Sunday, September 21, 2014
Inquirer Daily News

Internal review clears Christie in bridge scandal

Gov. Christie commissioned the review by a private law firm.
Gov. Christie commissioned the review by a private law firm.
A review commissioned by Gov. Christie into a traffic jam apparently orchestrated by top staffers in his administration has found the possible Republican presidential contender had nothing to do with the scheme, the New York Times reported Monday.

After two months, 70 interviews, and more than $1 million in legal fees paid by New Jersey taxpayers, the internal review is complete and has found no evidence that Christie was involved with planning or directing the lane closures, which snarled traffic in Fort Lee, according to a report published in the Times.

Christie found himself engulfed in controversy earlier this year after e-mails revealed that two of his senior aides had called for lane closures leading to the busy George Washington Bridge in September, apparently as political retribution against a Democratic mayor who didn't endorse the governor's reelection.

New Jersey lawmakers and the U.S. Attorney's Office in New Jersey announced parallel investigations into the closures, and Christie, who has maintained that he was "blindsided" by his staff's involvement, hired a private law firm to conduct his own review of what had occurred.

The results of the review are expected to be met with skepticism because the investigation was commissioned by the governor and carried out by the private law firm Gibson, Dunn & Crutcher L.L.P., which has close ties to the Christie administration, the newspaper said.
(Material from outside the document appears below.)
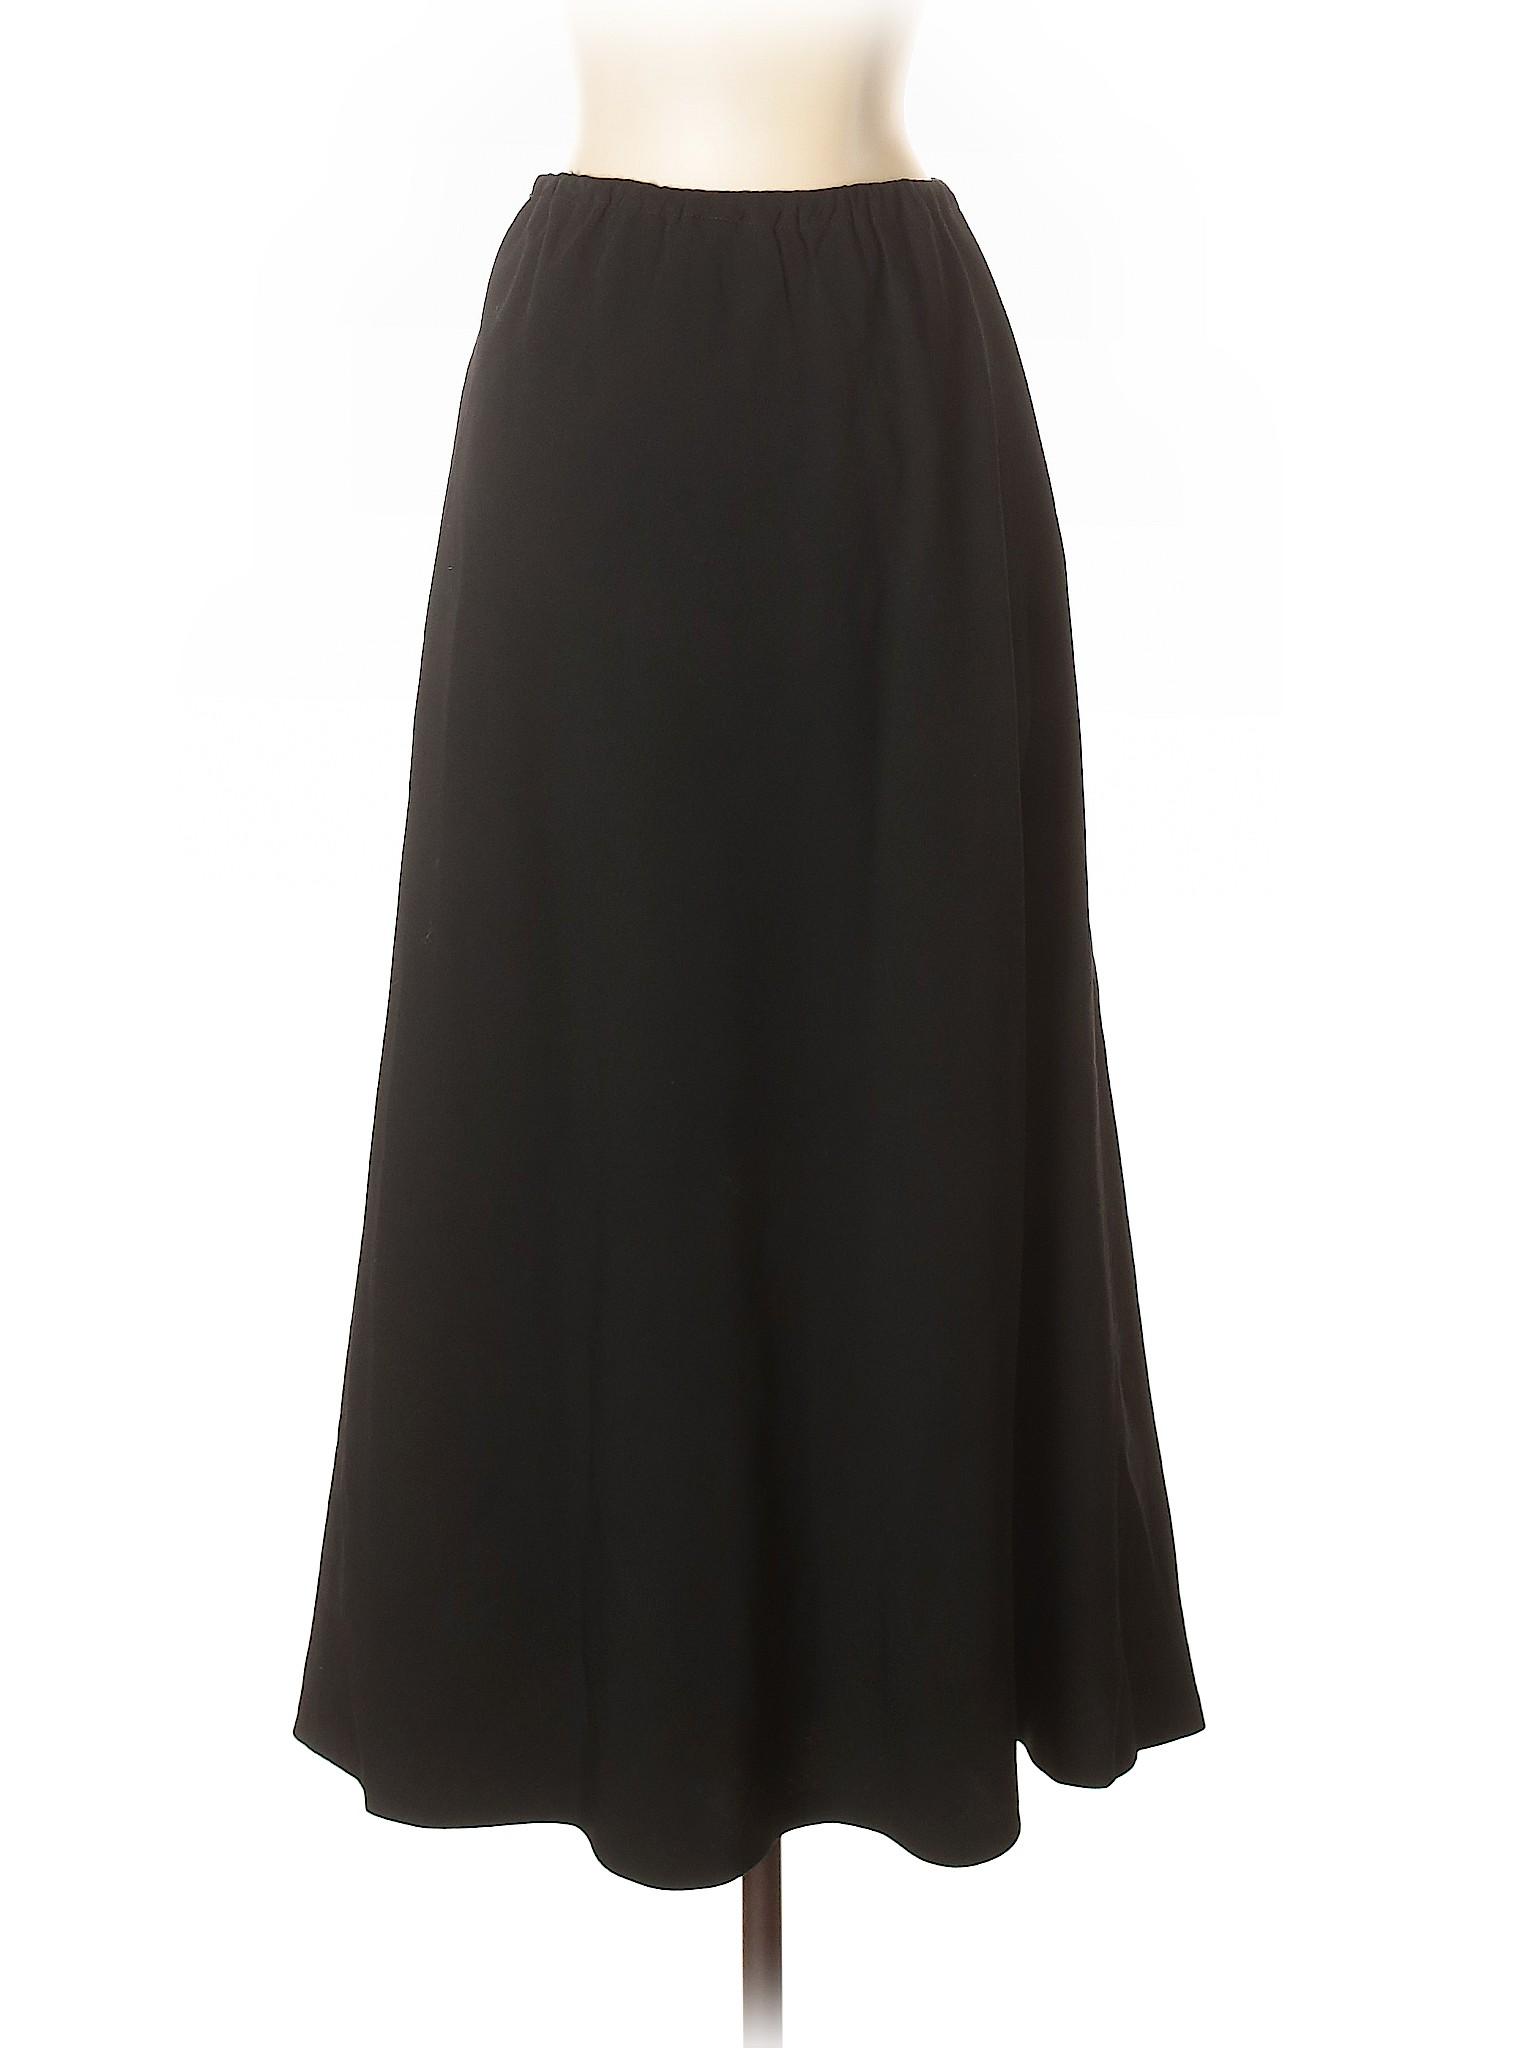 leisure Wool Collection Boutique Skirt Klein Calvin 1q0xdwxa

The lawyer leading the review, Randy Mastro, a deputy mayor under former New York City Mayor Rudy Giuliani, said lawyers had unprecedented access to the governor and his office's internal communications and records. Mastro said Christie handed over his iPhone and telephone records and allowed investigators to search his private and government e-mail accounts.

However, the review did not have access to three of the scheme's central figures, including Bridget Anne Kelly, the governor's former deputy chief of staff, who apparently triggered the lane closures by sending an e-mail that read "time for some traffic problems in Fort Lee."

Kelly and Christie's former campaign manager, Bill Stepien, have been subpoenaed by a state investigative committee seeking documents and e-mails related to the lane closures and the aftermath. Both have refused to comply, arguing that the subpoenaed documents would violate due process and their constitutional guarantee against self-incrimination.

Stepien's attorney on Monday filed additional documents outlining opposition to the subpoena and to what he called an "errant filing" when the investigative committee last week released previously unseen e-mails appearing to show Stepien's role in the traffic shutdown.

It is not known whether the investigation will give insight into questions of whether Christie condones a culture of intimidation. The outspoken Republican has been accused of being a bully.

A Bergen County Democrat helping to lead the state probe into the lane closures, Sen. Loretta Weinberg, called the review "too little, too late."